Task prompt:
Leaving out the images, reproduce every line of the data that follows exactly.

Data shown:

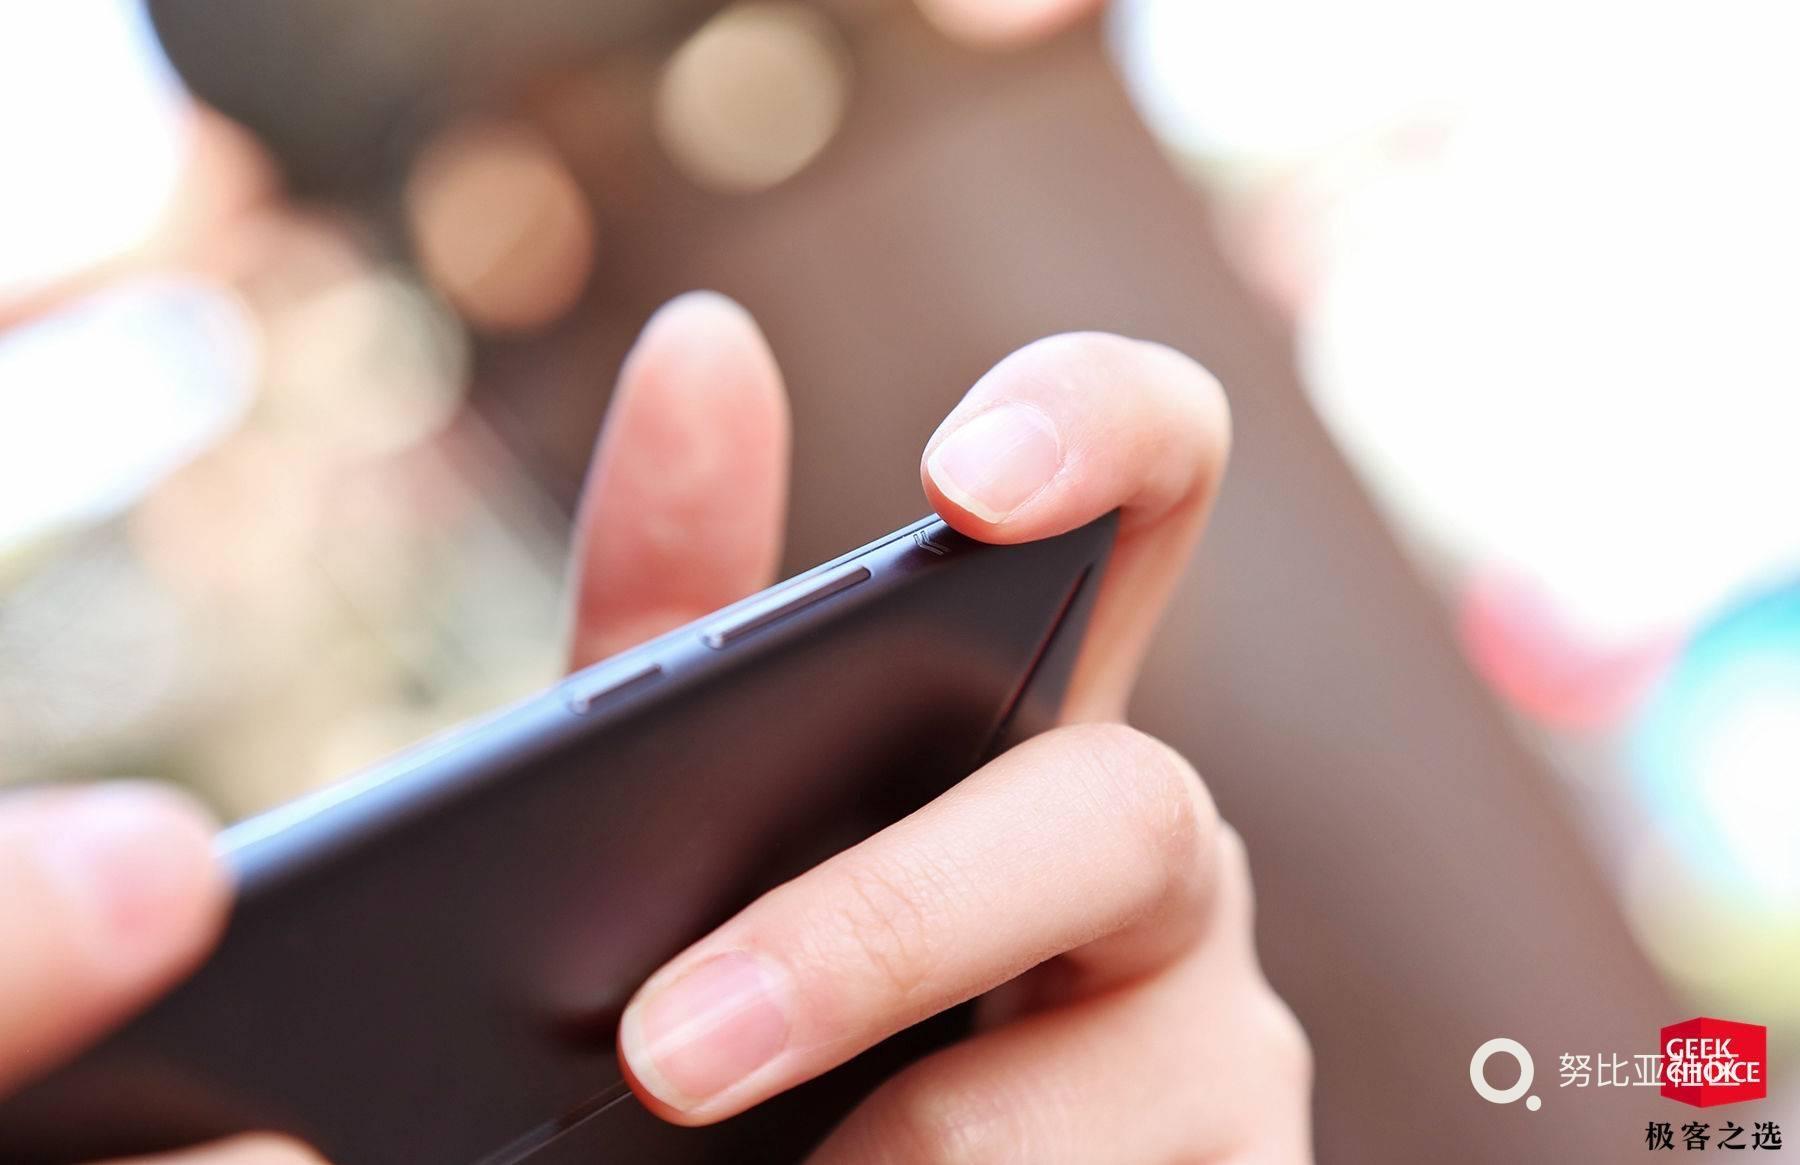 红魔Mars电竞手机实际体验怎样?首批用户反馈说明一切
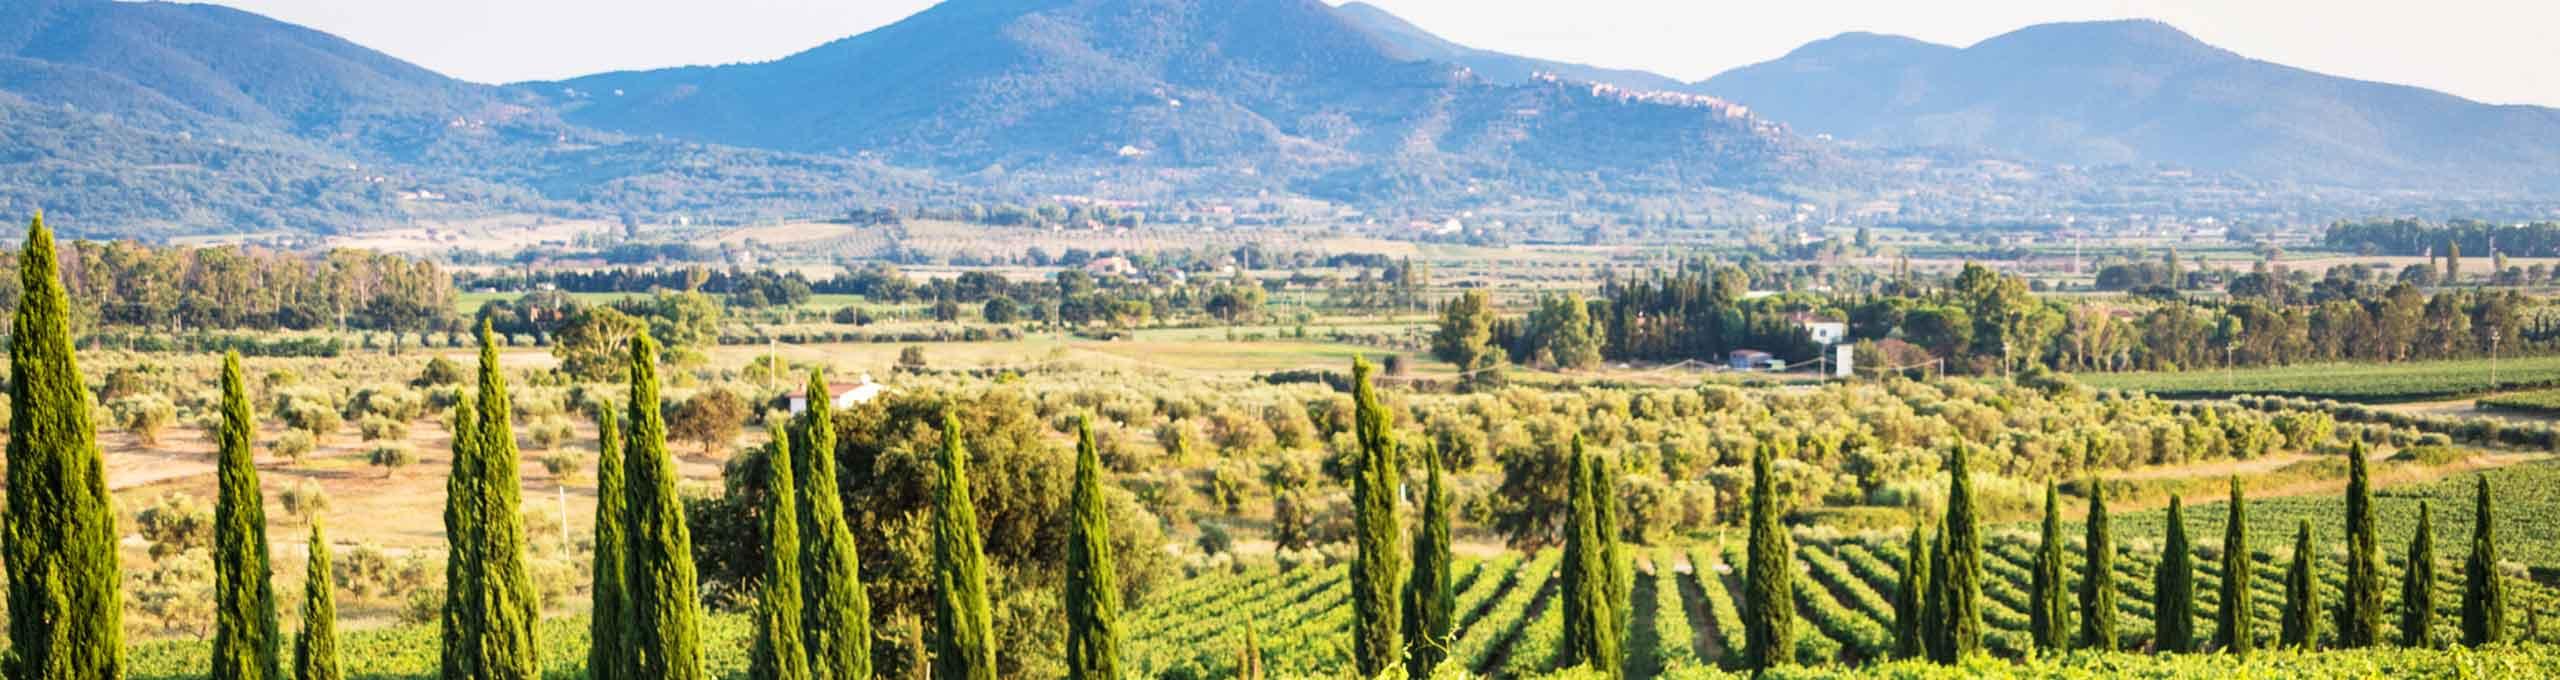 Gavorrano, Maremma Toscana
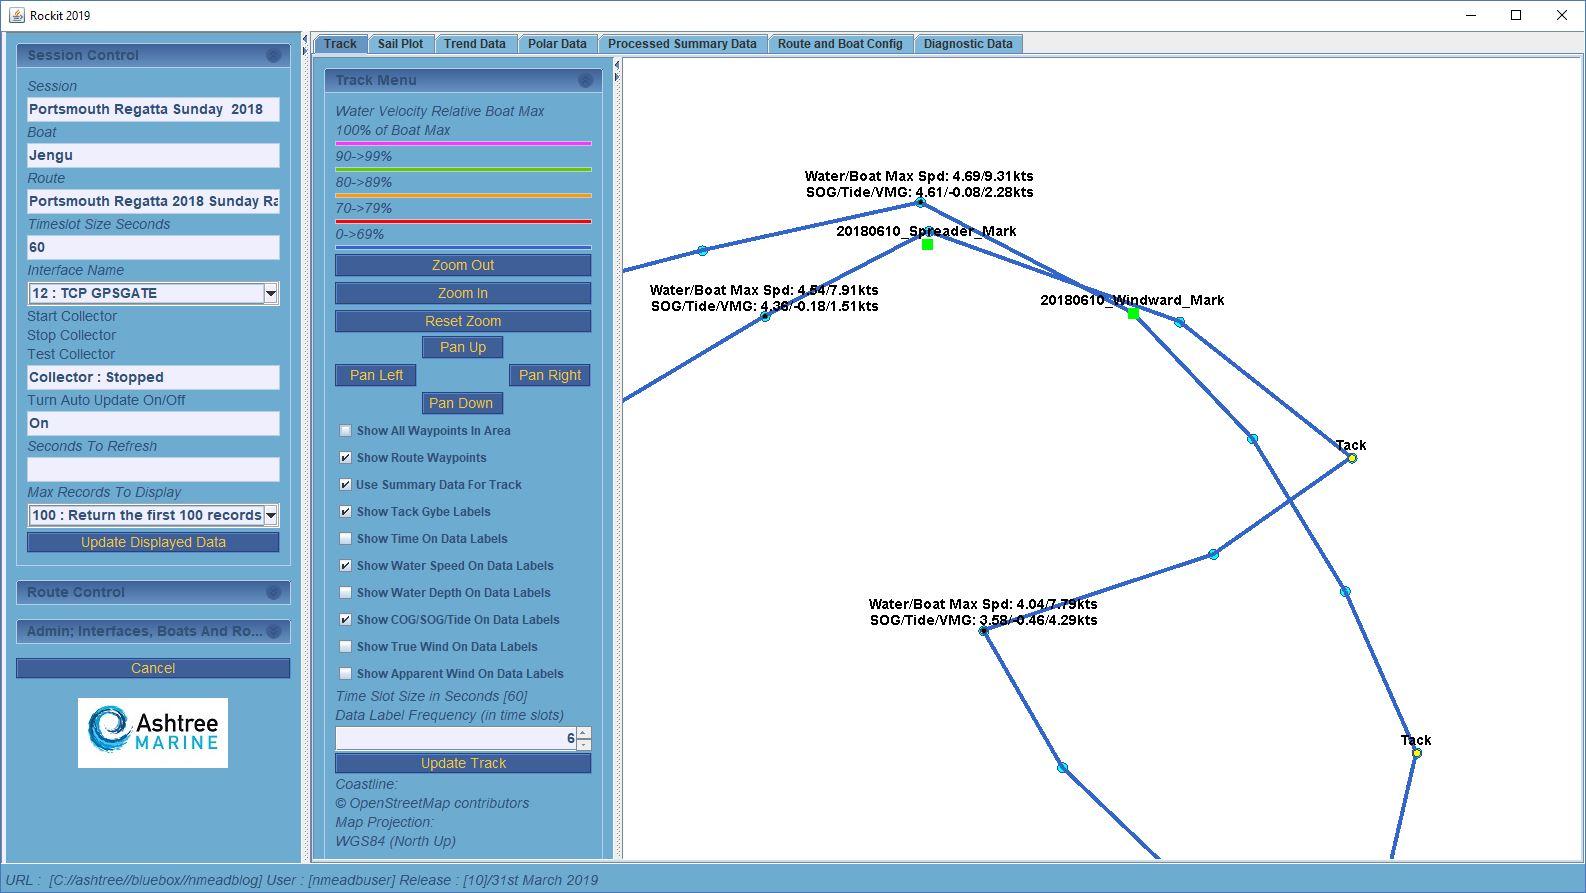 TrackPlot.jpg
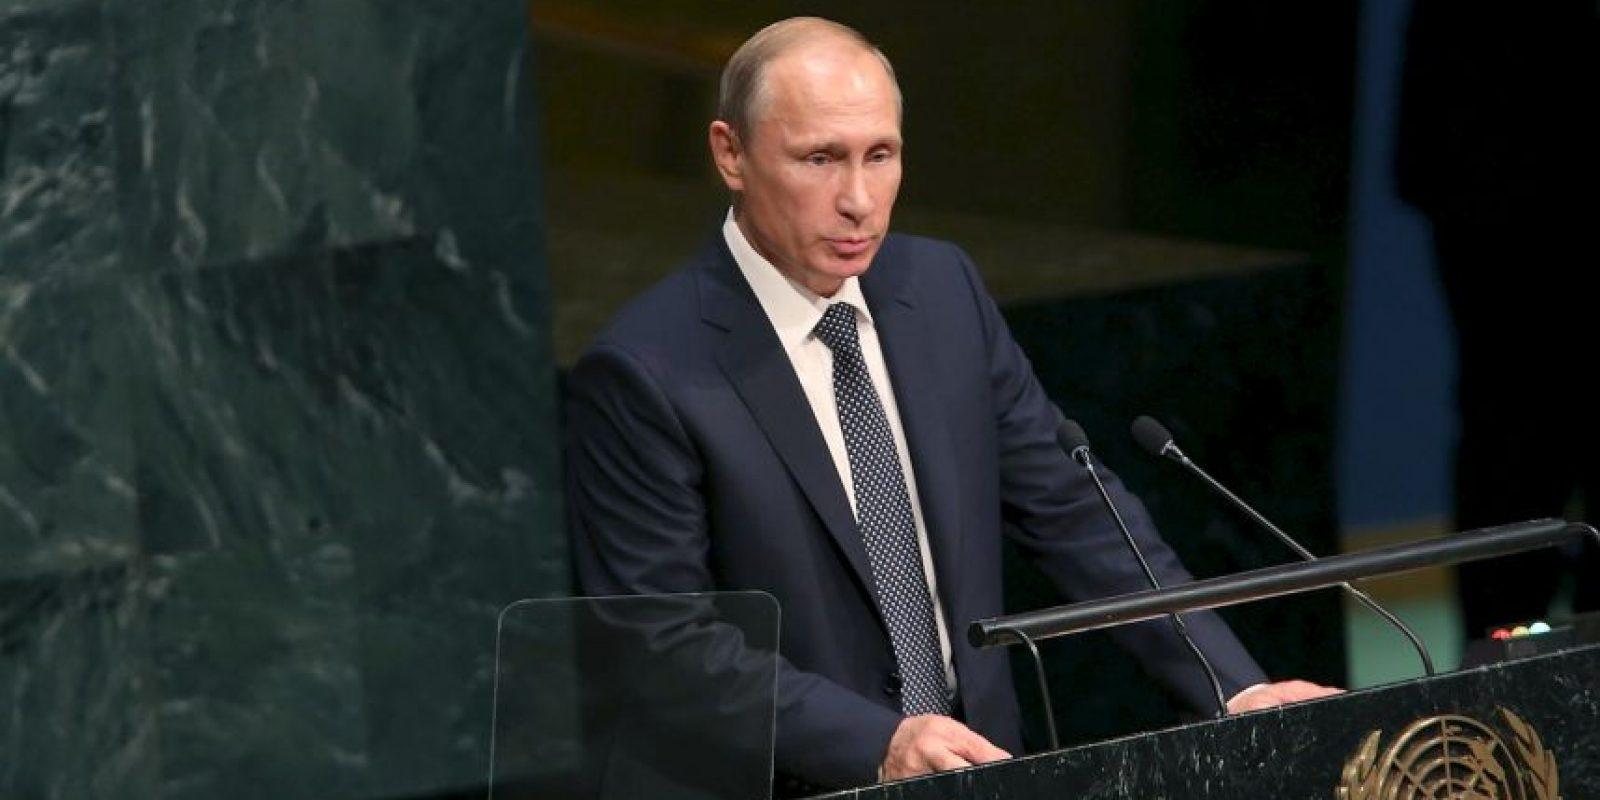 Por su parte, Vladimir Putin aseguró que la mejor opción es apoyar al líder regente. Foto:Getty Images

Solution to this exercise:
 红魔Mars电竞手机实际体验怎样?首批用户反馈说明一切
 Gavorrano, Maremma Toscana
 TrackPlot.jpg
 Por su parte, Vladimir Putin aseguró que la mejor opción es apoyar al líder regente. Foto:Getty Images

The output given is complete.